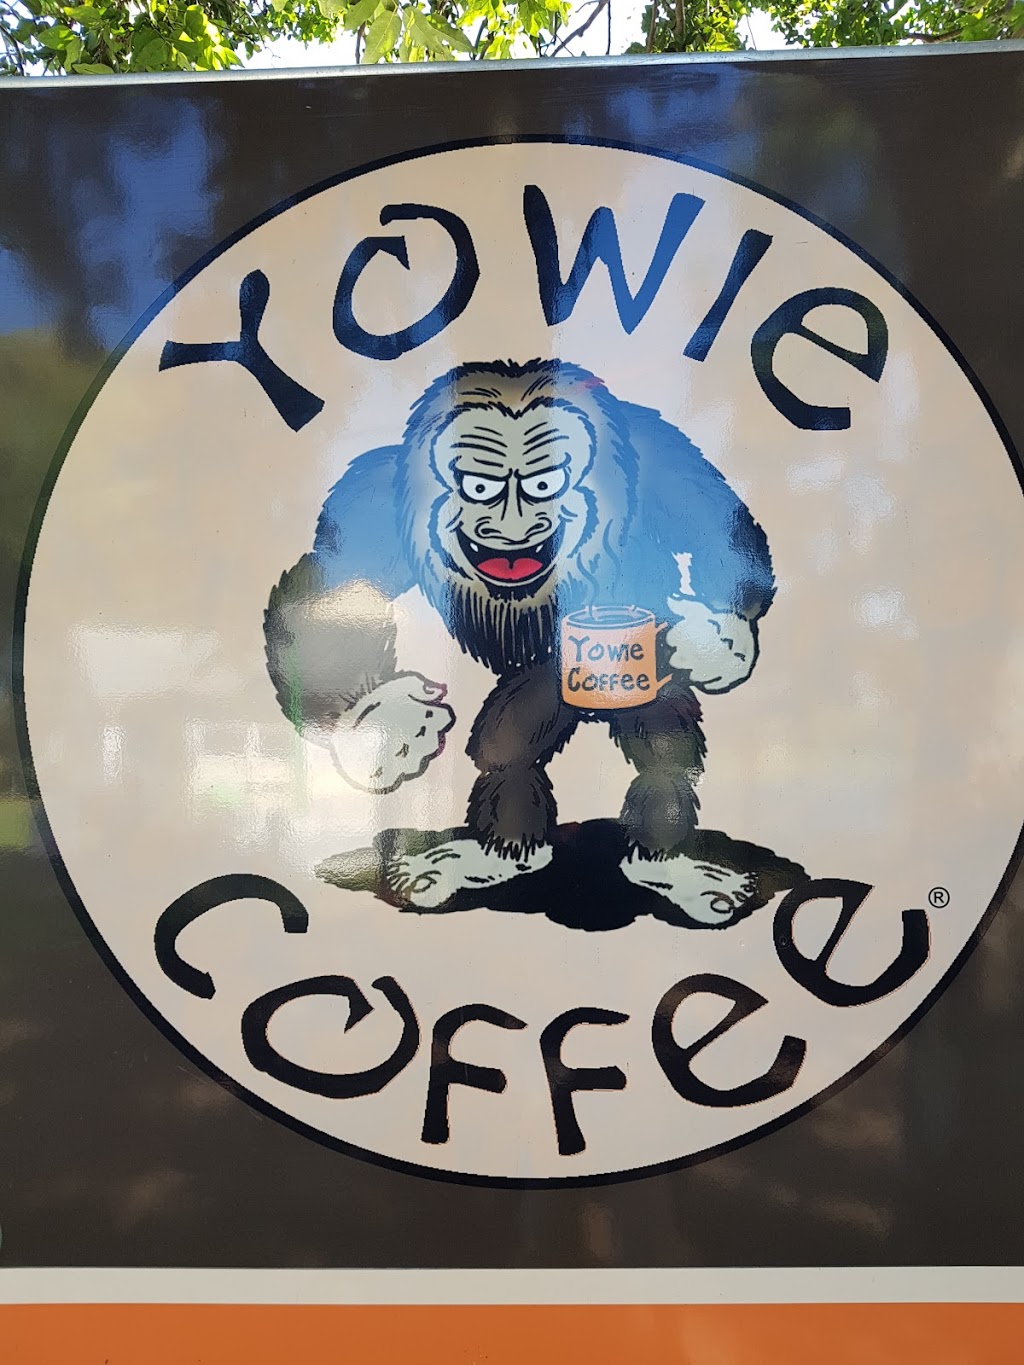 Yowie Coffee | food | Yowie Park, Kilcoy QLD 4515, Australia | 0400540015 OR +61 400 540 015
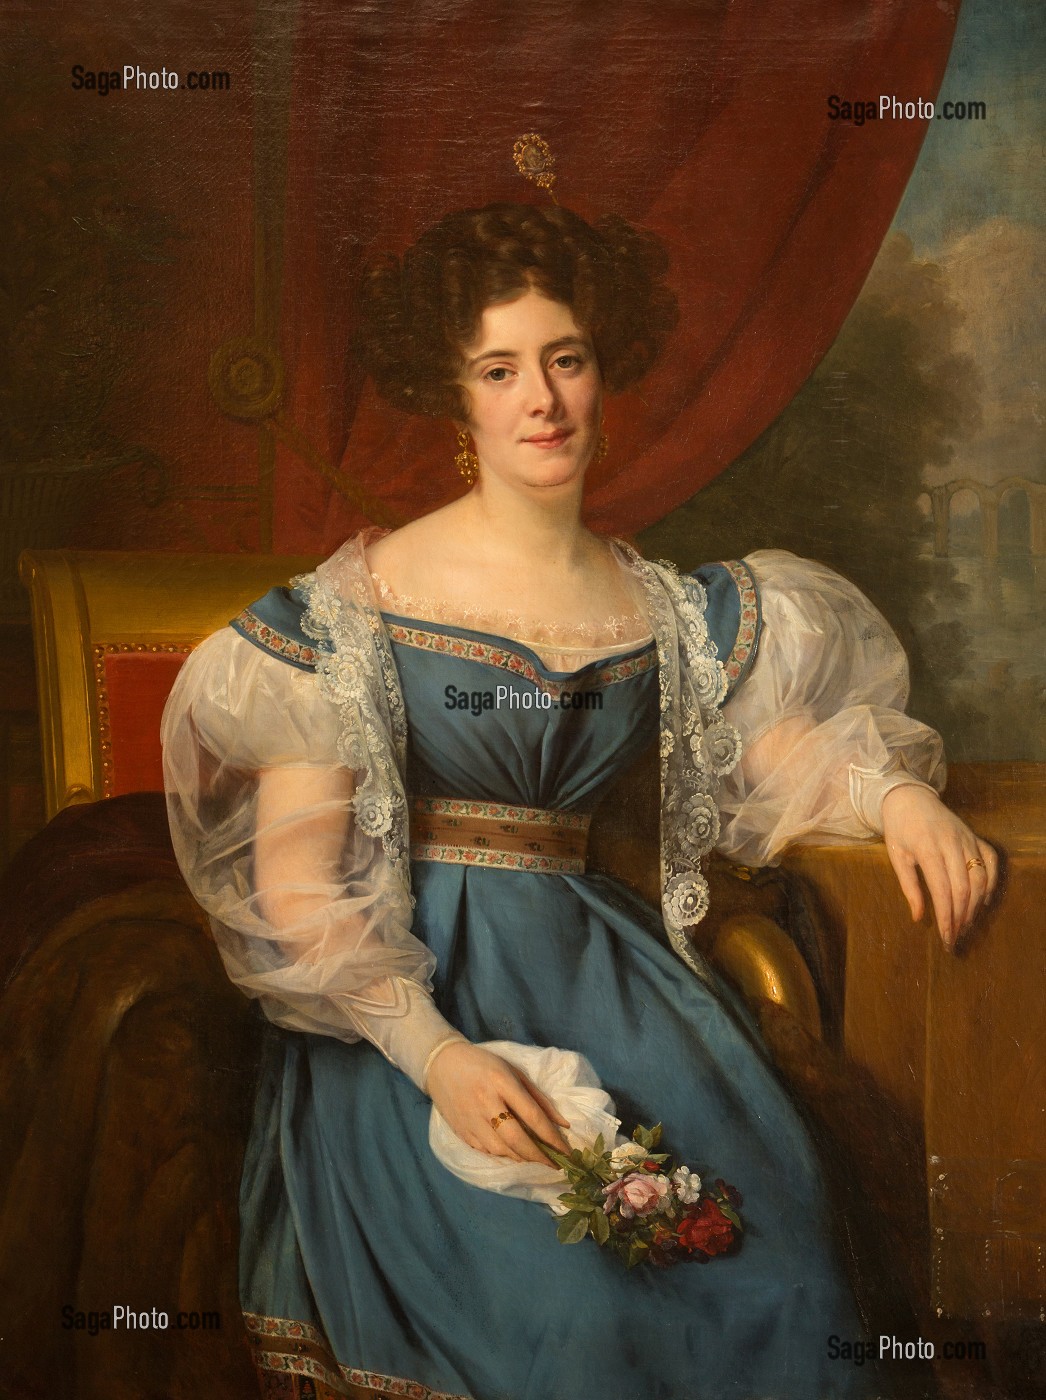 ALICIA DE ROCHECHOUART DE MORTEMART (1800-1887), DUCHESSE DE NOAILLES PAR SON MARIAGE AVEC PAUL DE NOAILLES, TABLEAU DE LOUIS HERSENT, SALLE DE BILLARD, CHATEAU DE MAINTENON, EURE-ET-LOIR (28), FRANCE 
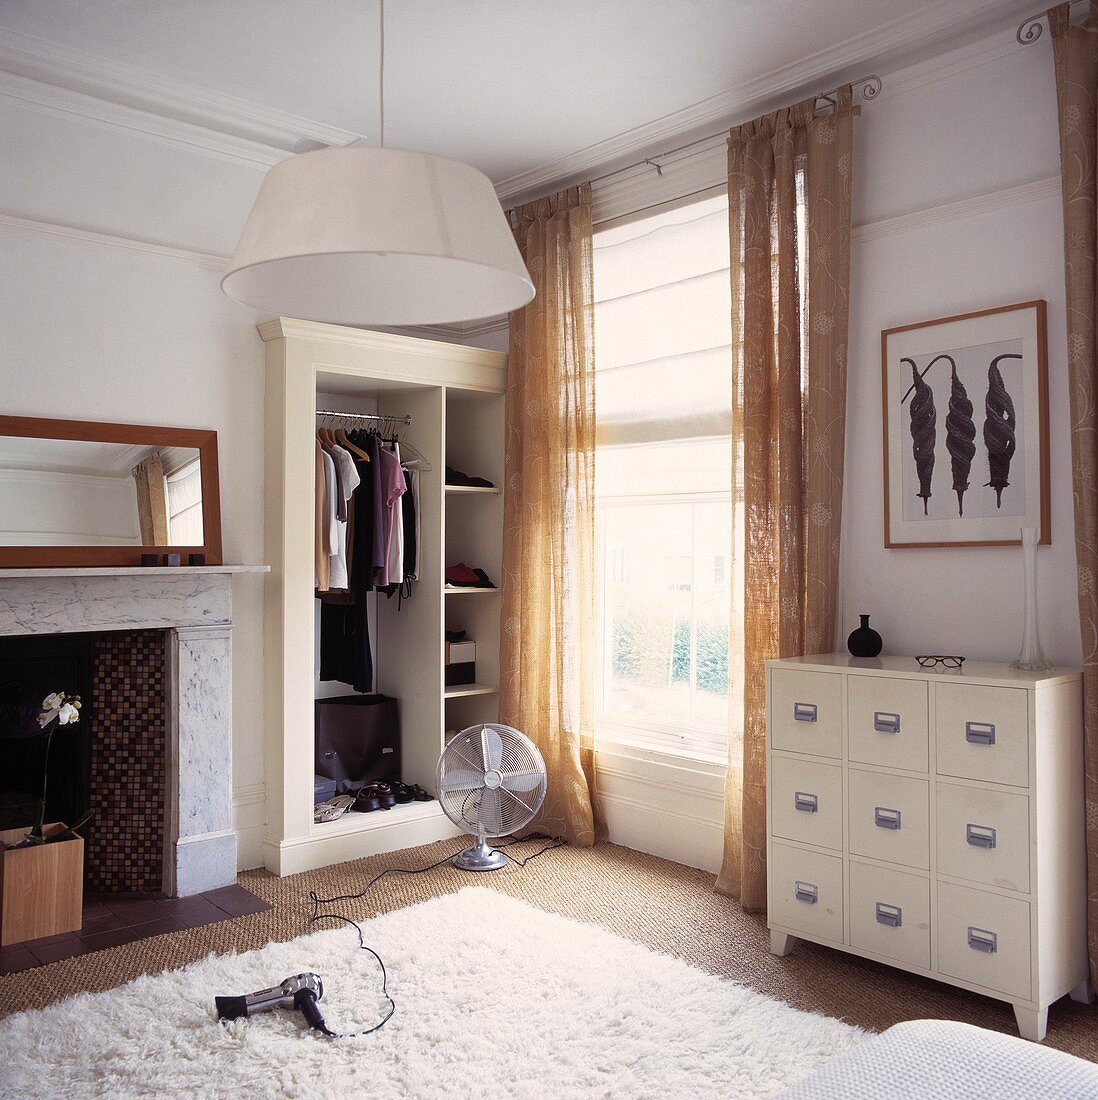 Haartrockner und Ventilator auf dem Boden in einem Schlafzimmer mit weisser Kommode und beigefarbenen Gardinen
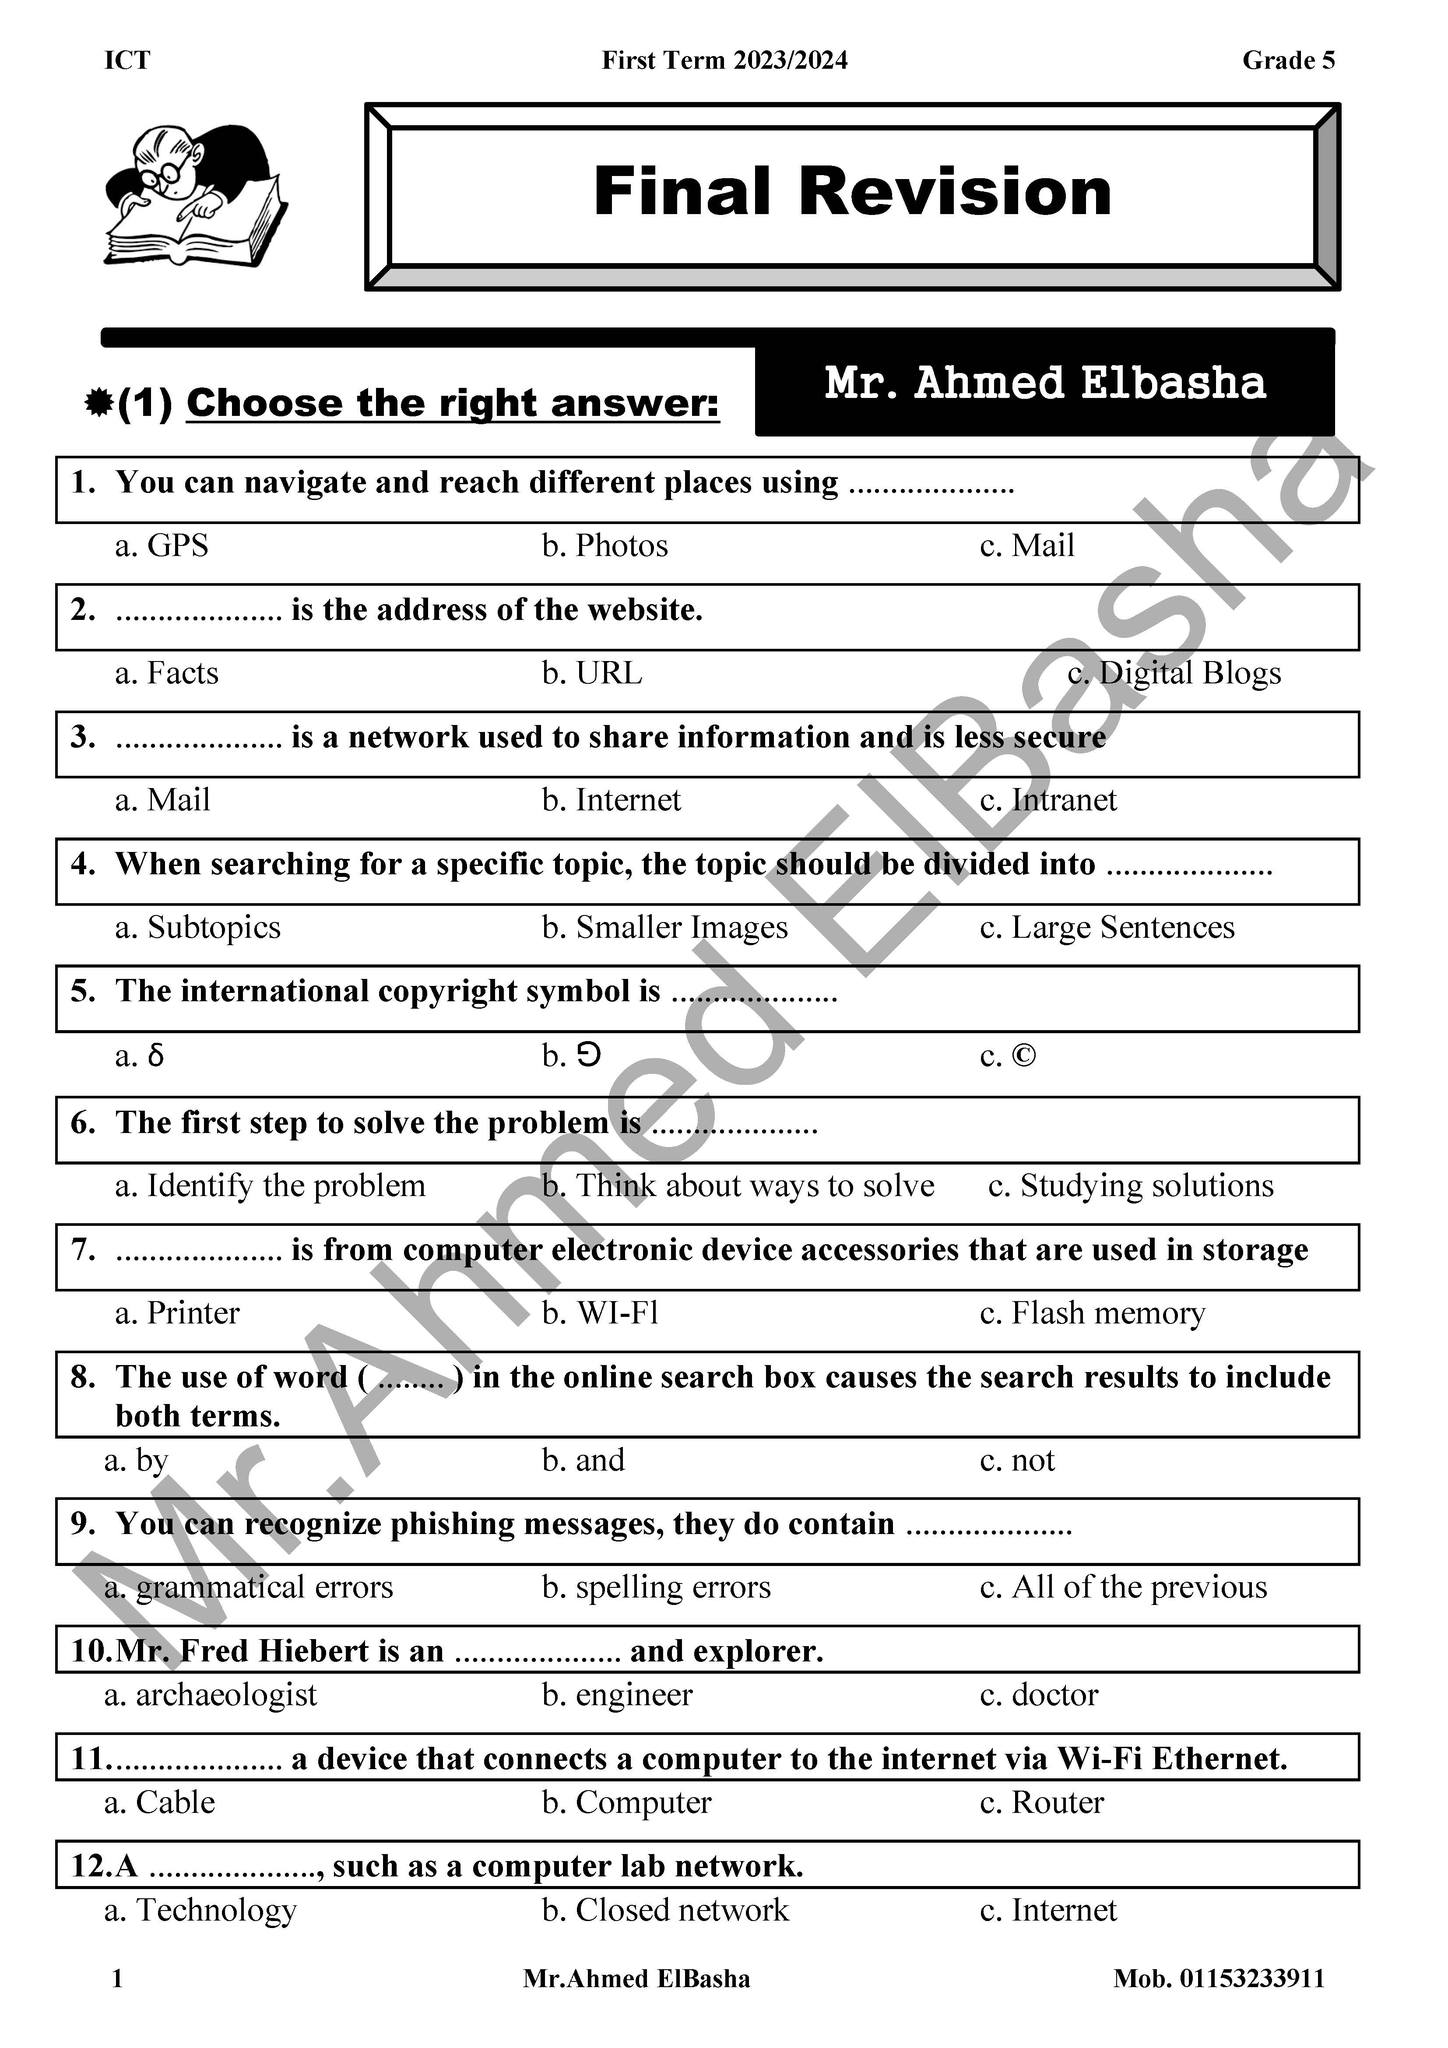 مدرس دوت كوم مراجعة نهائية ICT بالإجابات للصف الخامس الإبتدائى الترم الأول 2024 أ/ أحمد الباشا

About this exercise >>
Without including any images, output the data exactly as given.

Solution to this problem >>
 Yowie Coffee | food | Yowie Park, Kilcoy QLD 4515, Australia | 0400540015 OR +61 400 540 015
 ALICIA DE ROCHECHOUART DE MORTEMART (1800-1887), DUCHESSE DE NOAILLES PAR SON MARIAGE AVEC PAUL DE NOAILLES, TABLEAU DE LOUIS HERSENT, SALLE DE BILLARD, CHATEAU DE MAINTENON, EURE-ET-LOIR (28), FRANCE 
 Haartrockner und Ventilator auf dem Boden in einem Schlafzimmer mit weisser Kommode und beigefarbenen Gardinen
 مدرس دوت كوم مراجعة نهائية ICT بالإجابات للصف الخامس الإبتدائى الترم الأول 2024 أ/ أحمد الباشا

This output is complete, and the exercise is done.